Each pneumatic hammer or breaker unit 14 is of the conventional manually operated type. Mount 16 can support a number of breakers 14, three being shown in the drawings but one, two, four or more breakers could also be supported by mount 16. Each breaker 14 is connected by its nipple 92a (see FIG. 3), detailed later, to a pressurized air source, not shown, via a flexible rubber hose 50, connector 51, line 51a, fitted with a control lever value 51b, manifold 51c and common line 51d. Hose 50 may be fixed by brackets 52 on the top of the tractor cabin C. Each breaker 14 is supported over ground at the level of the horizontal flange 22 of mount 16, in vertical position and spacedly from the other breakers 14. Each breaker 14 includes an upper body 54, a lower reciprocatable head 55 and a drill bit 56 defining a bottom sharp tip 56a and removably fixed to head 55. Head 55 is driven in reciprocating motion by a pressure actuated piston (not shown) inside the upper body 54. Biasing coil springs 60 (FIG. 4), guided by rods 58, dampen the upward return stroke of head 55.
A pair of handle bars 62 (FIG. 3) transversely protrude from and are fixed to opposite sides of the top of the upper body 54; handle bars 62 are aligned transversely of the upper body.
Two pairs of cylindrical guide tubes 64a, 64b (FIG. 3) and 66a, 66b (FIG. 5) downwardly depend from the mount top flange 22, being fixed thereto by welding P or the like, and on opposite sides of breakers 14 relative to an axis orthogonal to the mount upper panel 20. The transversely spaced tubes 64a, 64b are interconnected attheir bottom end by a short horizontal removable rod 68, and similarly, the bottom ends of tubes 66a, 66b are interconnected by a short removable rod 70. The transverse handle bars 62 of a given breaker 14 engage through both vertical channels 72 defined between tubes 64a-64b and 66a-66b whereby the maximum vertical travel of bars 62 therethrough is limited by the lower rods 68 and 70 and by a leaf spring 82 fixed to and dependant from the upper flange 22 (FIG. 5).
It can now be understood from FIGS. 4-4a that, in operation, the worker W can adjust the level of mount 16 so that the handle bars 62 remain free floating within guiding channels 72: the reciprocating drill bits 56 will thus break the concrete A or the like solely under the bias of the weight of the breaker 14 per se, i.e. that no downward pressure will be exerted by the frame 28 to push the drill bits against the ground.
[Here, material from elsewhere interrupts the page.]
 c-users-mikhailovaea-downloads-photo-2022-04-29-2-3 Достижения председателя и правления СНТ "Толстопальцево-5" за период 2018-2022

As the drill bits 56 cut deeper into the concrete (FIG. 4a), the whole breakers 14 will sink since transverse handle bars 62 will slide down between the tubes 64a-64b and 66a-66b along channels 72.
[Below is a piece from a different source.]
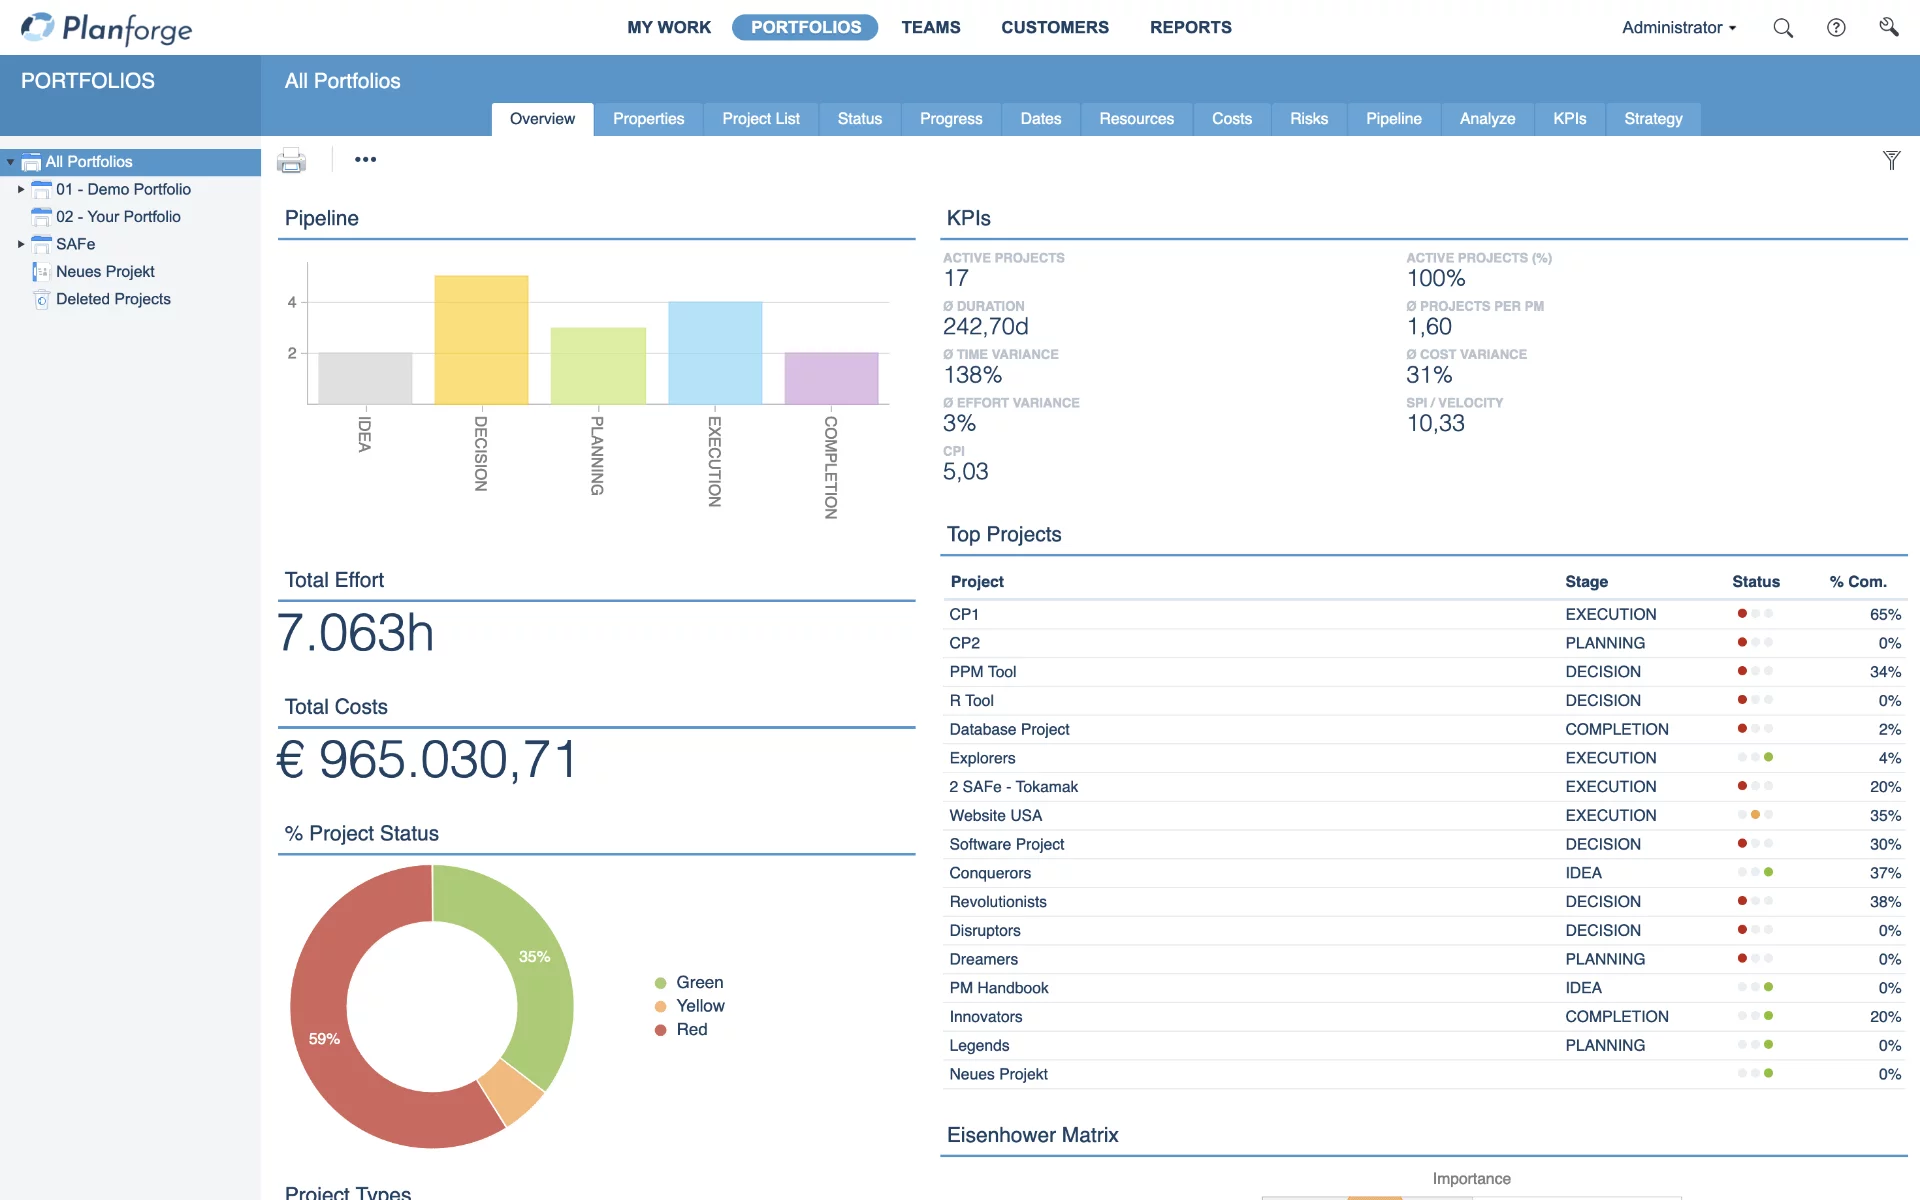 Portfolio Management Dashboard Portfolio Analysis Software by Planforge

The exact relative height of mount 16, and thus of top limit spring 82 and bottom limit rods 68-70, is adjusted by the worker W in cabin C by control of hydraulic rams 38 (FIG. 1); and the exact angular orientation of the drill bit 56 relative to the ground is also adjusted from cabin C by control of rams 44. At the initial phase of concrete breaking, rams 38 should be actuated to bring handle bars 62 proximate to but spaced from flange 22, when drill bit 56 rests freely on the surface of the ground as shown in FIG. 4: indeed, it is necessary to leave a top clearance for bars 62 since when concrete breaking begins, the reciprocating travel of breaker head 55 will induce some reciprocating travel of the breaker upper body 54 as well, and it would not be desirable that the top end 54a of the breaker body strikes the flange 22 in operation, accordingly with the objects of the invention.
Advantageously, rods 68, 70 are each surrounded by an elastomeric sleeve 74 (FIG. 5), as are tubes 66a, 66b with elastomeric sleeve 75, these sleeves being destined to cushion the impact of transverse handle bar 62 thereon at its lower limit position during reciprocating movement of the breaker.
Also, it is desirable that some means be provided to enable the operator W to readily ascertain from his cabin C the relative position of bar 62 between its two limit positions 82 and 64a-b, 66a-b. Such means may consist of a stem 76, having a ring 78 (FIG. 4) welded at one end. Ring 78 slidingly engages a bar 62, while the free upper end of stem 76 extends through a bore 80 made in flange 22. Stem 76 should be long enough wherein at least its top section projects upwardly from bore 80 even when bars 62 in their lower limit position, i.e. when abutting against rods 68, 70 (FIG. 2).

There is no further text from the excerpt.